Die Folge: In Passau verschwinden die Organisationen und Initiativen, die Hilfe wie Sprachprojekte oder Begegnungsangebote für Geflüchtete anbieten. Von den circa 35 bis 40 solcher Gruppen, die sich 2015 mal gegründet haben, falle Wingerter nur noch ihr Verein ein, der heute noch übrig ist. Ansonsten bleibe nur die Arbeit in den wenigen Händen der professionellen Flüchtlingsarbeit.

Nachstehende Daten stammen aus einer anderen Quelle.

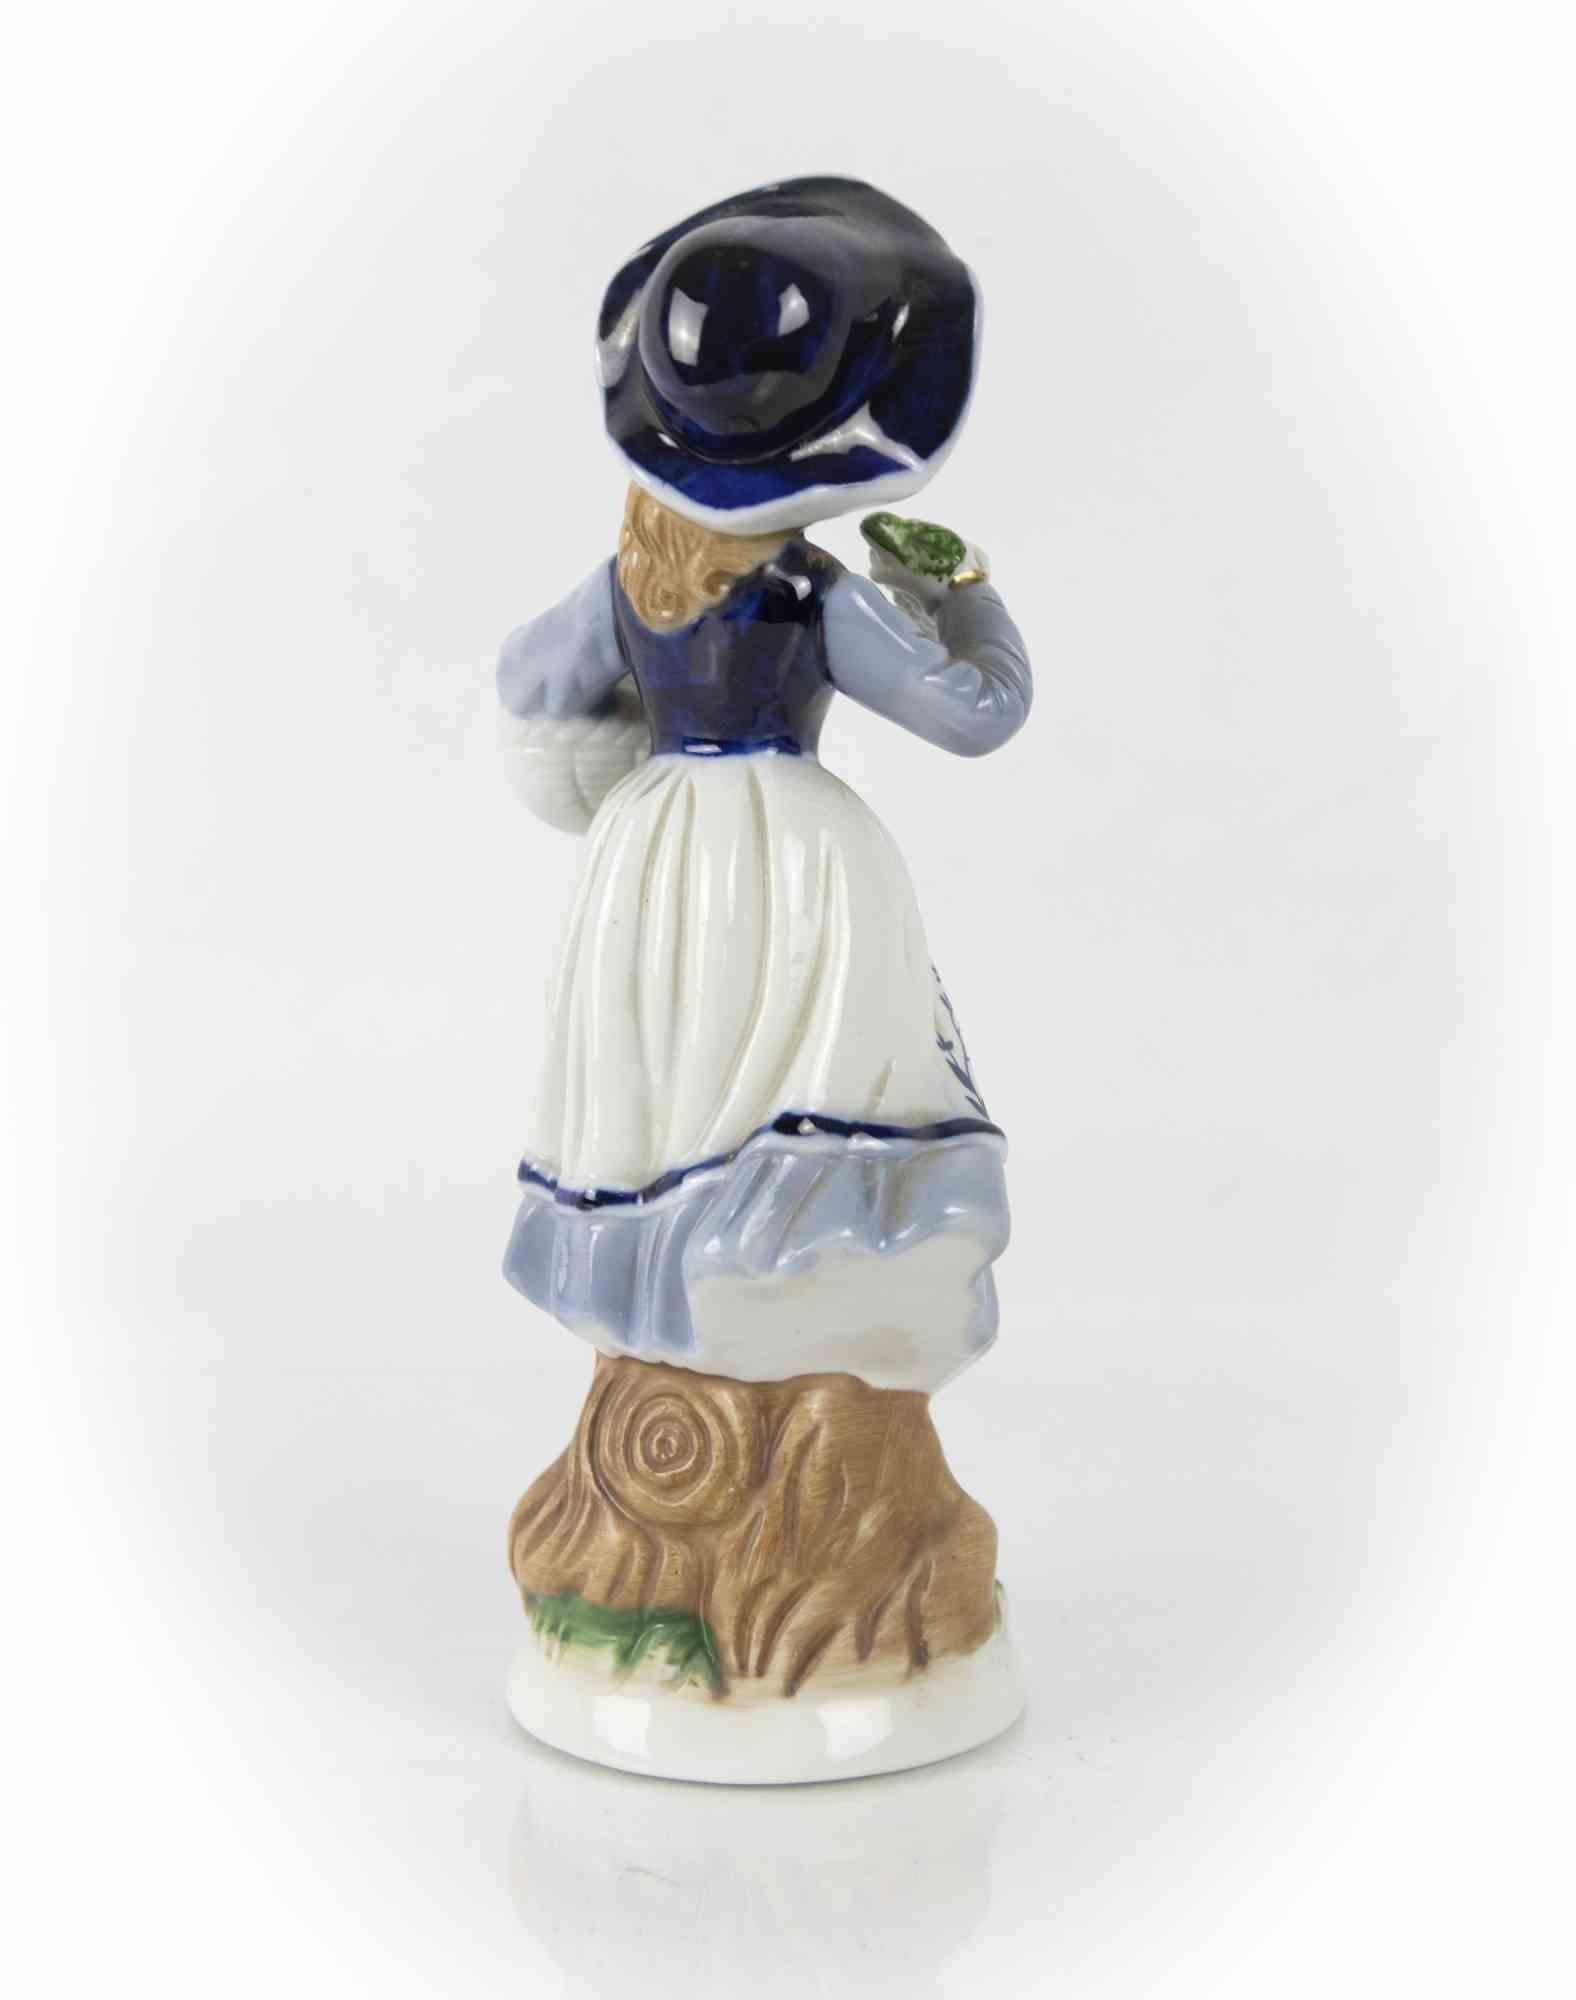 La dame en porcelaine est un objet décoratif original réalisé dans la moitié du XXe siècle.

Marqué sous la base.

Silvester 2015 als Kipppunkt
Entscheidend für diesen Rückgang sei vor allem ein Vorfall gewesen, sagt Wingerter: "Die Stimmung ist spürbar mit der Silvesternacht in Köln gekippt." Im Jahreswechsel von 2015 auf 2016 wurden mehr als 600 Frauen Opfer von sexueller Gewalt. Als Tatverdächtige identifizierte die Polizei 299 Personen: darunter Deutsche, Iraker, Syrer und Tunesier. Mehr als die Hälfte der identifizierten Tatverdächtigen aber stammten aus Nordafrika. Danach, so Perdita Wingerter, habe das Engagement in der Flüchtlingsarbeit sehr nachgelassen.
Die beiden Beispiele aus Passau und München zeigen, dass insbesondere die schnelle ehrenamtliche Hilfe den Staat durchaus sehr unterstützen kann. Dennoch ist es alles andere als selbstverständlich, dass aus dieser Hilfsbereitschaft auch freiwillige Gruppen werden, die dauerhaft in der Flüchtlingsarbeit bleiben.